**SOURCE MATERIAL**

###

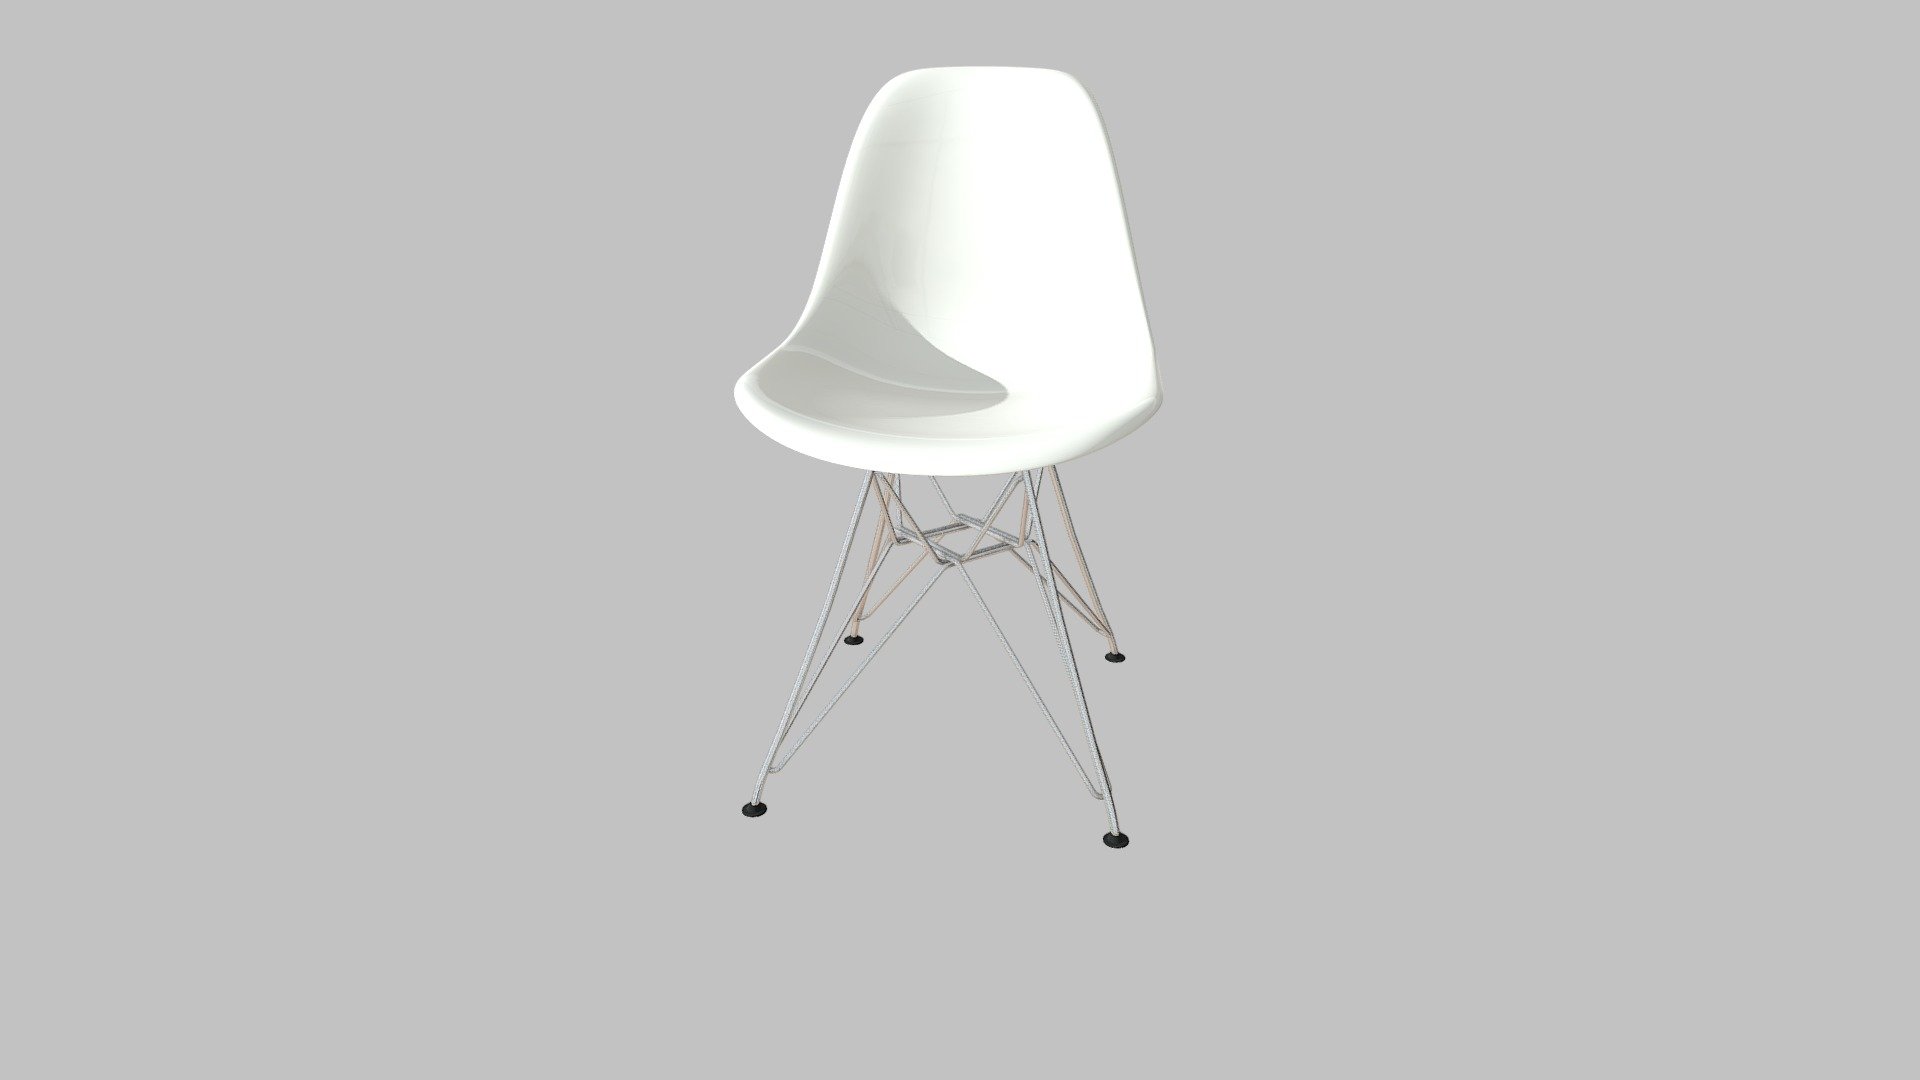 www.zuomod.com/zip-dining-chair-white

The Ultimate in Mid-Century Modern styling shine in the Zip dining or accent chair featuring molded ABS plastic seat/back supported by slim spire type chrome base with black feet 3d model
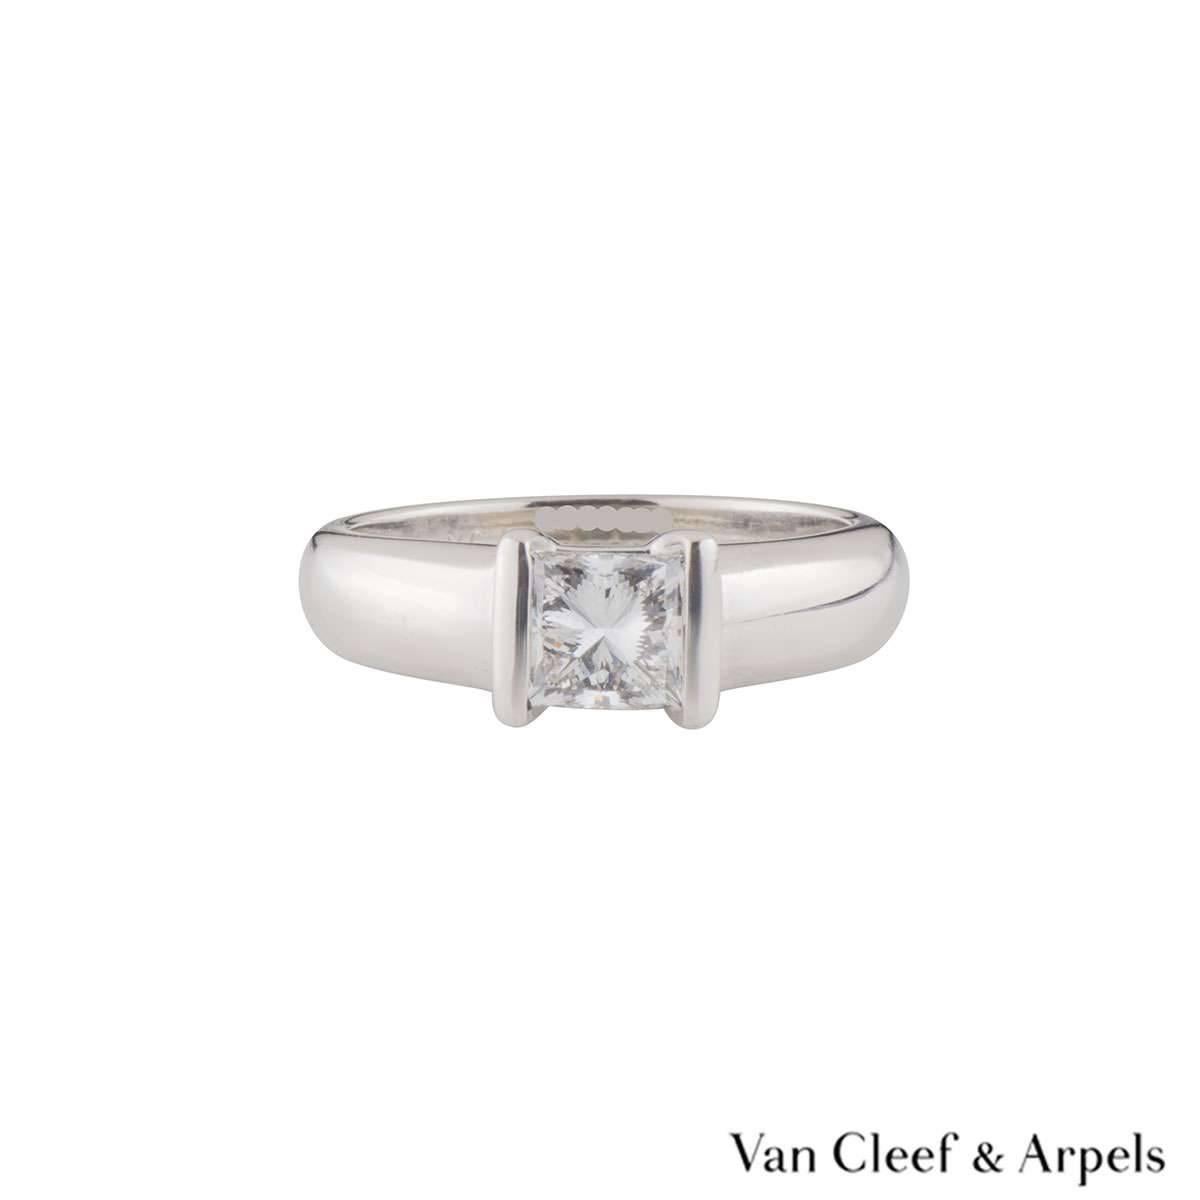 A beautiful 18k white gold Van Cleef & Arpels diamond engagement ring. The ring comprises of a princess cut diamond in a tension setting with a weight of 1.01ct, E colour and VVS1 clarity. The ring is a US size 6, EU size 52 and UK size M but
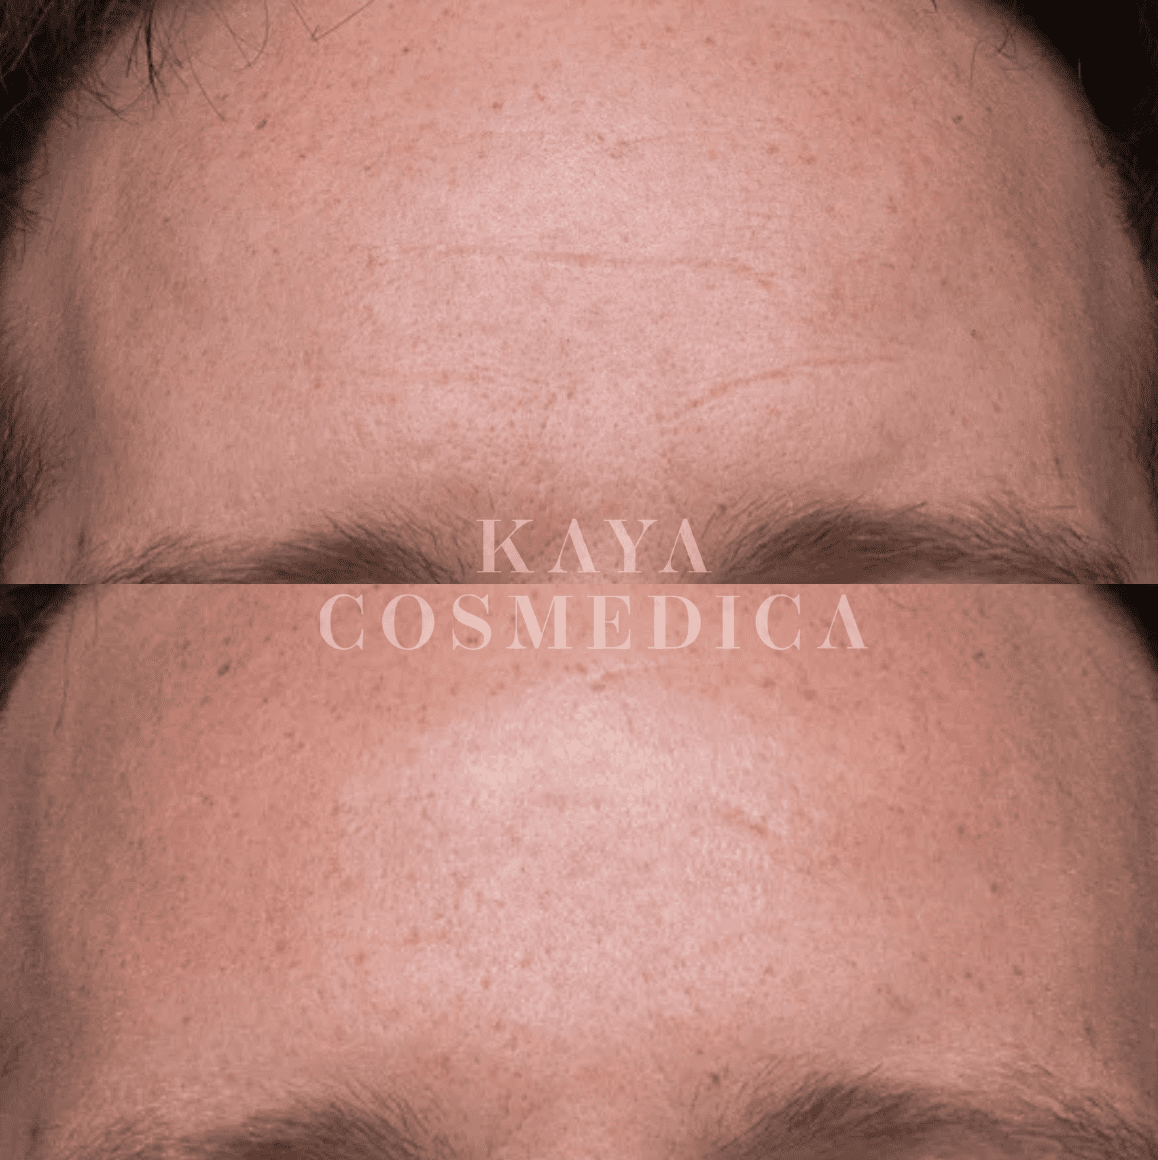 Before and after close-up images of a forehead showing reduced wrinkle appearance due to microneedling, overlaid with text "kaya cosmedica" at the center.

###

Keep the pictures out, and write out the rest of the data above word for word.

**ANSWER SPACE**
 www.zuomod.com/zip-dining-chair-white

The Ultimate in Mid-Century Modern styling shine in the Zip dining or accent chair featuring molded ABS plastic seat/back supported by slim spire type chrome base with black feet 3d model
 A beautiful 18k white gold Van Cleef & Arpels diamond engagement ring. The ring comprises of a princess cut diamond in a tension setting with a weight of 1.01ct, E colour and VVS1 clarity. The ring is a US size 6, EU size 52 and UK size M but
 Before and after close-up images of a forehead showing reduced wrinkle appearance due to microneedling, overlaid with text "kaya cosmedica" at the center.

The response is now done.